Mindestens 1x pro Jahr, gerne auch 2x im Jahr, solltest du deine SCHUFA-Selbstauskunft kostenlos einsehen:

  • Auf schufa.de: Kostenlos unter "Meine Daten" (1x pro Jahr kostenlos)
  • Überprüfe deine gespeicherten Daten auf Fehler (falsch zugeordnete Einträge, bereits gelöschte Mahnungen, etc.)
  • Dein Basisscore zeigt dir, ob du in die richtige Richtung gehst

Tipp: Fehler in SCHUFA-Daten können berichtigt werden. Wenn z.B. eine Mahnung falsch zugeordnet wurde, kann die SCHUFA das löschen.

7. Inkasso-Risiko minimieren

Inkasso-Einträge sind das Schlimmste für alle Branchenscores. Vermeide sie um jeden Preis:

  • Zahle Mahnungen, bevor sie zu Inkasso gehen
  • Verhandle mit Gläubigern – oft werden Zahlungspläne akzeptiert
  • Wenn du in finanzielle Schwierigkeiten kommst, kontaktiere proaktiv Gläubiger oder eine Schuldnerberatung

7. Häufig gestellte Fragen (FAQ)

Kann ich meine SCHUFA-Branchenscores einsehen?
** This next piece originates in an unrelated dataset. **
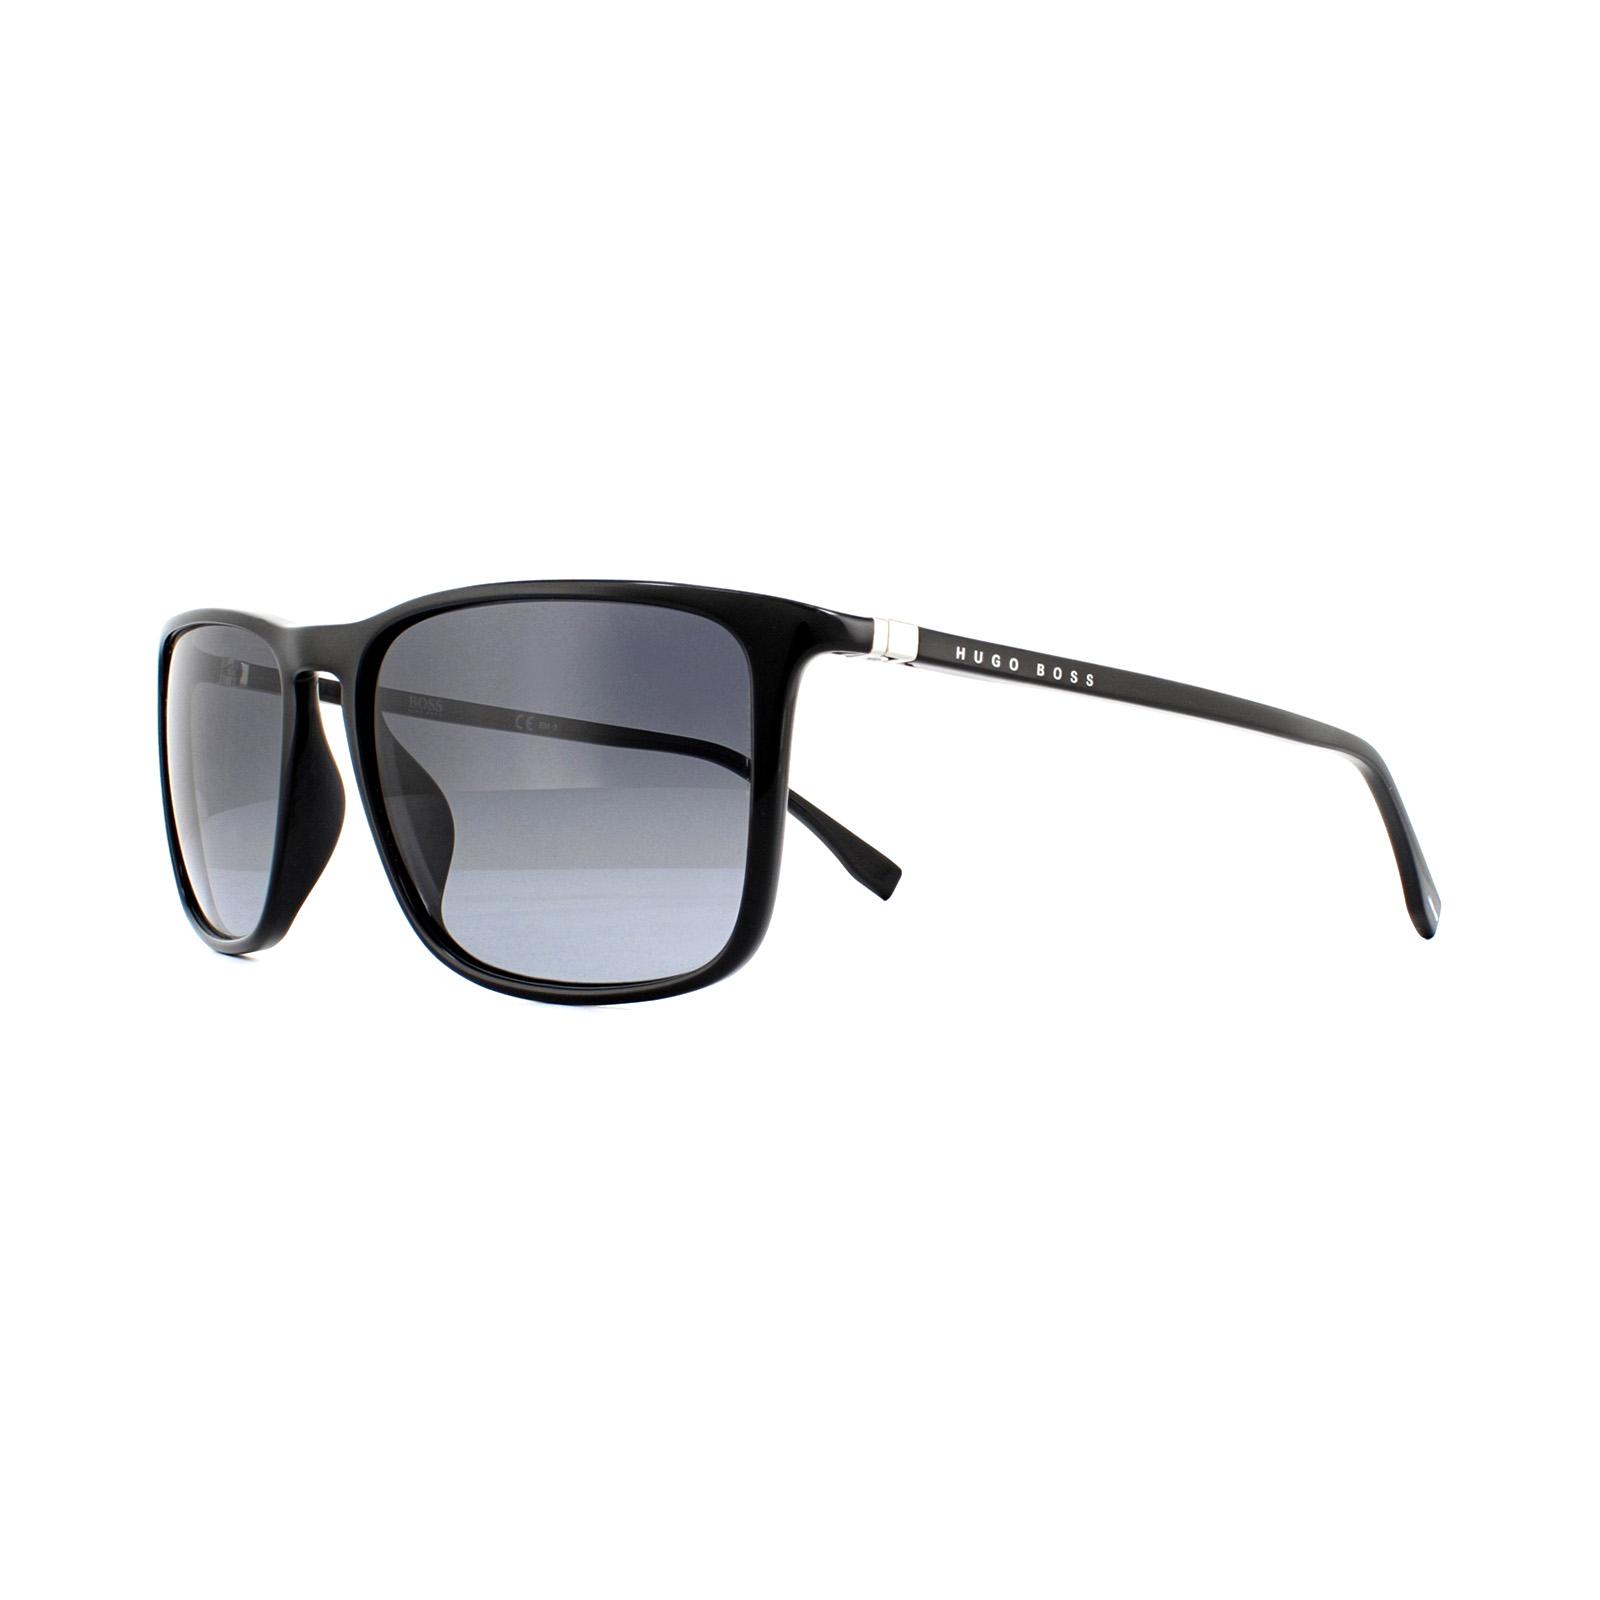 4e64233ea718a Sentinel Hugo Boss Sunglasses 0665 N S 807 9O Black Dark Grey Gradient

Nein. Branchenscores sind B2B-Produkte und rechtlich nicht für Verbraucher einsehbar. Du kannst nur deinen Basisscore in der kostenlosen Selbstauskunft sehen (1x pro Jahr kostenlos auf schufa.de). Banken, Telekomanbieter und Online-Shops sehen deine Branchenscores, du selbst aber nicht.

Wieso hat mir die Bank einen Kredit abgelehnt, obwohl mein Basisscore gut ist?
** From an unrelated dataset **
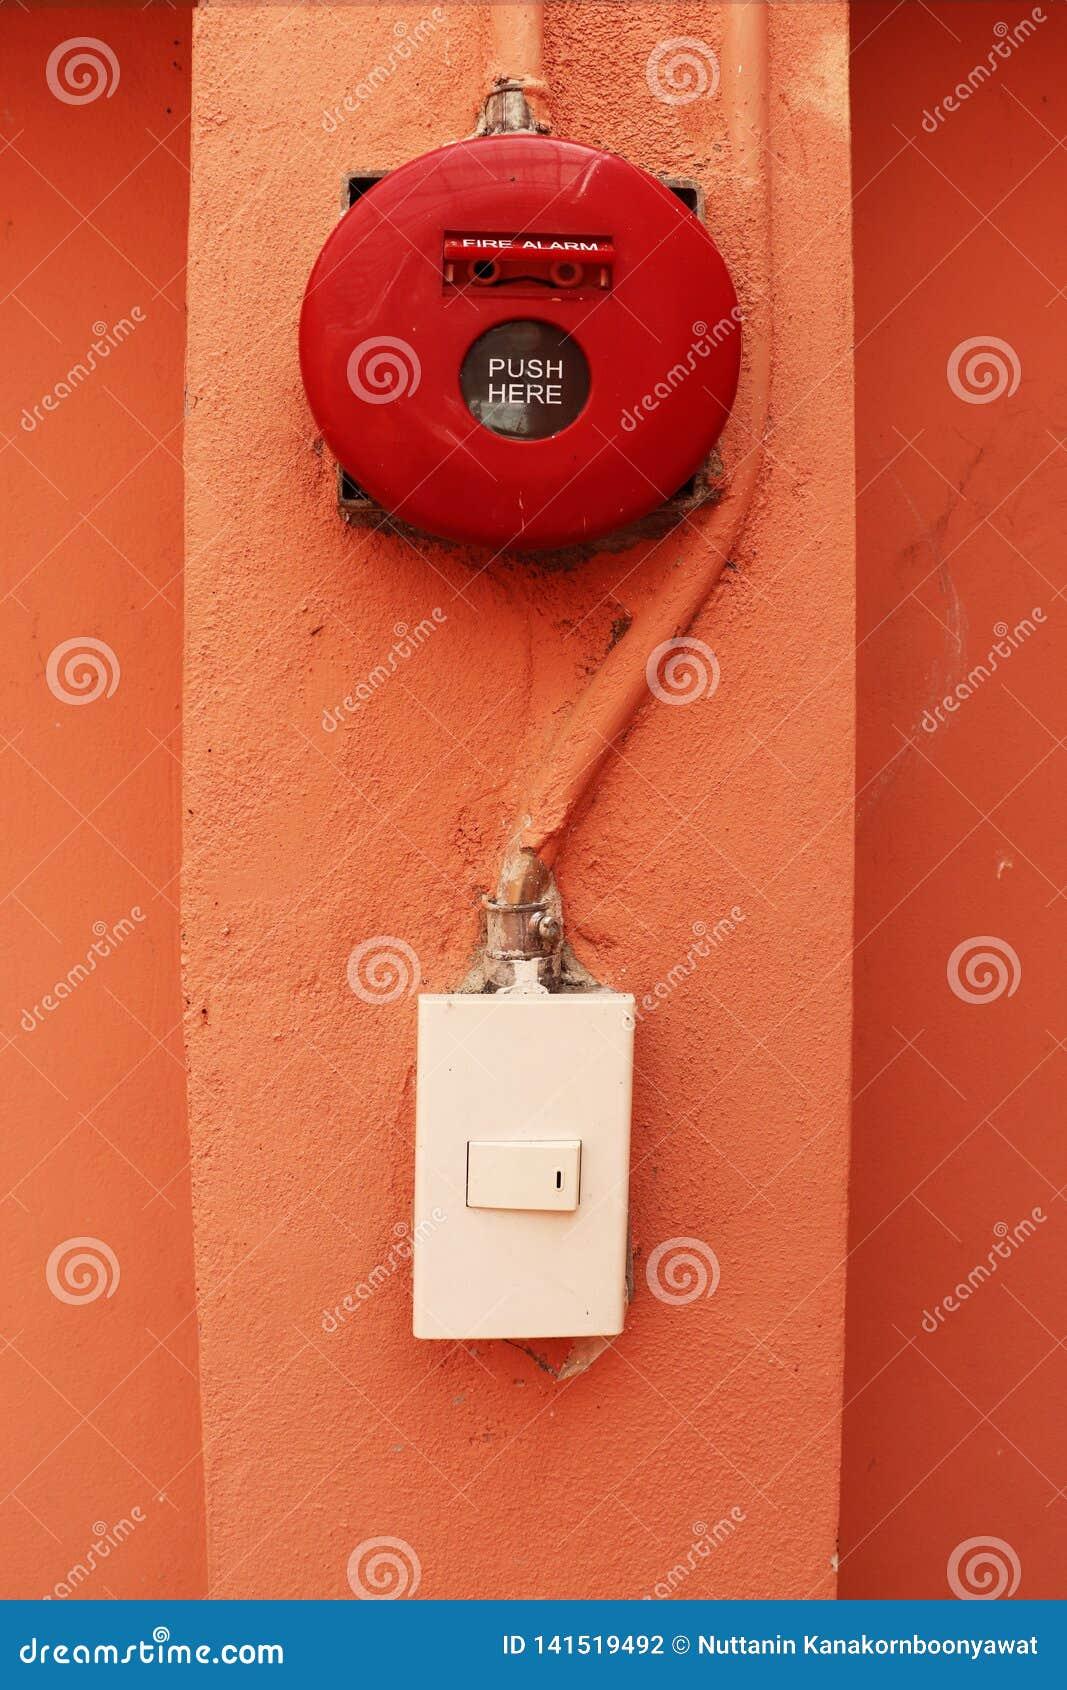 Red fire alarm on orange wall

Weil die Bank nicht deinen Basisscore sieht, sondern deinen Branchenscore für Ratenkredite. Dieser kann niedriger sein, wenn z.B. deine bisherige Kredithistorie problematisch war oder du viele offene Kreditanfragen hast. Der Basisscore ist ein Näherungswert, aber nicht identisch mit dem Ratenkreditscore. Ein weiterer Grund: Die Bank berücksichtigt auch andere Faktoren wie Einkommen (Einkommensproof, nicht nur SCHUFA) oder Schuldenstand außerhalb von SCHUFA.

Wirkt sich eine Zahlungsverzögerung bei einer Handyrechnung auf meinen Kredit-Branchenscore aus?
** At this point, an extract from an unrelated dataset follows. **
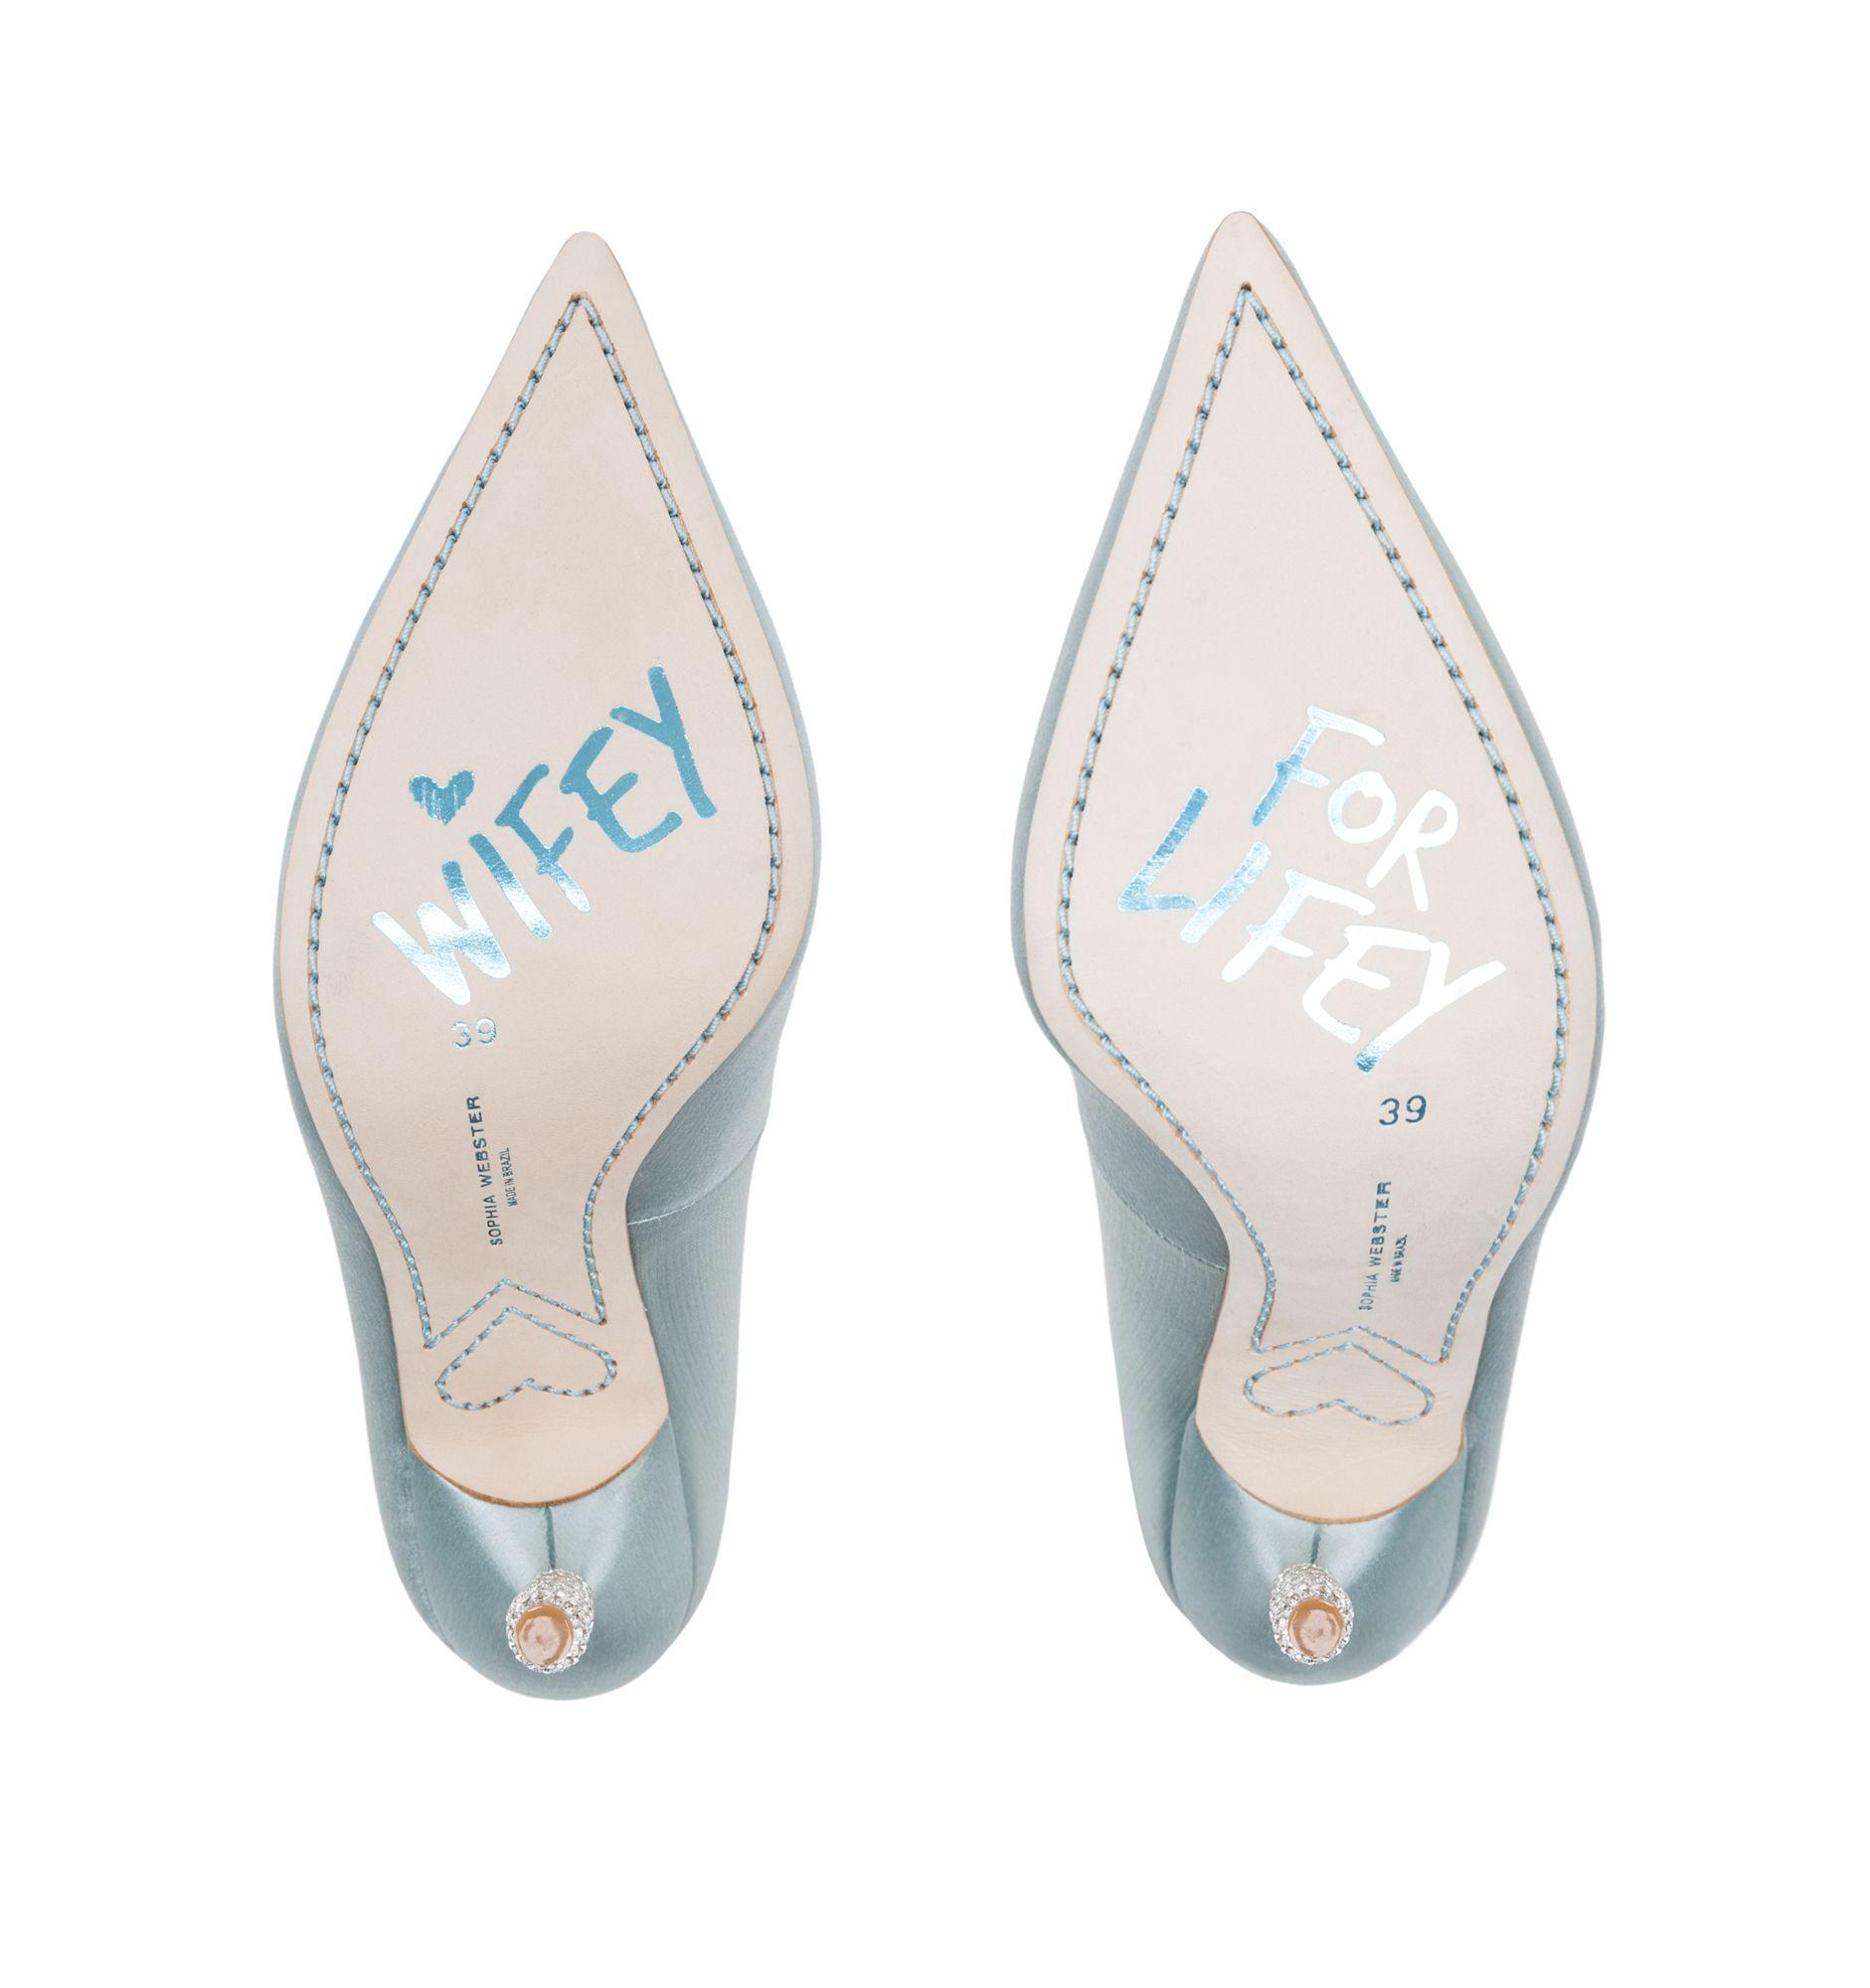 Wedding shoes by Sophia Webster

Ja – eine Mahnung oder Zahlungsausffall bei einem Mobilfunkvertrag wirkt sich auf deinen Telecom-Branchenscore aus. Da aber nicht alle Kreditgeber den Telecom-Score nutzen, trifft es dich am stärksten beim E-Commerce-Score und beim allgemeinen Basisscore. Beim Ratenkreditscore wirkt sich eine alte Telecom-Mahnung schwächer aus als ein Problem mit bisherigen Ratenkrediten – aber es wirkt sich aus.

Haben alle Branchen dieselben Score-Schwellenwerte für Ablehnung?

Nein. Jede Branche definiert ihre eigenen Schwellenwerte und Risikotoleranzen. Eine Bank könnte einen Ratenkredit ab Score 550 ablehnen, ein Online-Shop Rechnungskauf aber ab Score 400 erlauben. Das liegt daran, dass E-Commerce-Anbieter mehr Volumen, aber auch mehr Ausfälle verkraften können. Bankenkredite sind langfristig und erfordern strengere Kriterien.